**What you need to do:** The output should be all entries, each matching the original exactly.

-*-

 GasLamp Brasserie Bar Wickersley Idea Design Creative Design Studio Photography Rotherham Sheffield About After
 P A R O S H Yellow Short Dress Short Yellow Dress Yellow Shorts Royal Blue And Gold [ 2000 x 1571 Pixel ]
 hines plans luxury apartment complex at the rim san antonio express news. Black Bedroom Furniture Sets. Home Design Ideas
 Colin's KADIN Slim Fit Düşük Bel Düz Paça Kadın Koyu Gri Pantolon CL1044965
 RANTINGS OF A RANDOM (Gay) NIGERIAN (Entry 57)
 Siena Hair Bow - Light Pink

-*-

**Your solution:**
 GasLamp Brasserie Bar Wickersley Idea Design Creative Design Studio Photography Rotherham Sheffield About After
 P A R O S H Yellow Short Dress Short Yellow Dress Yellow Shorts Royal Blue And Gold [ 2000 x 1571 Pixel ]
 hines plans luxury apartment complex at the rim san antonio express news. Black Bedroom Furniture Sets. Home Design Ideas
 Colin's KADIN Slim Fit Düşük Bel Düz Paça Kadın Koyu Gri Pantolon CL1044965
 RANTINGS OF A RANDOM (Gay) NIGERIAN (Entry 57)
 Siena Hair Bow - Light Pink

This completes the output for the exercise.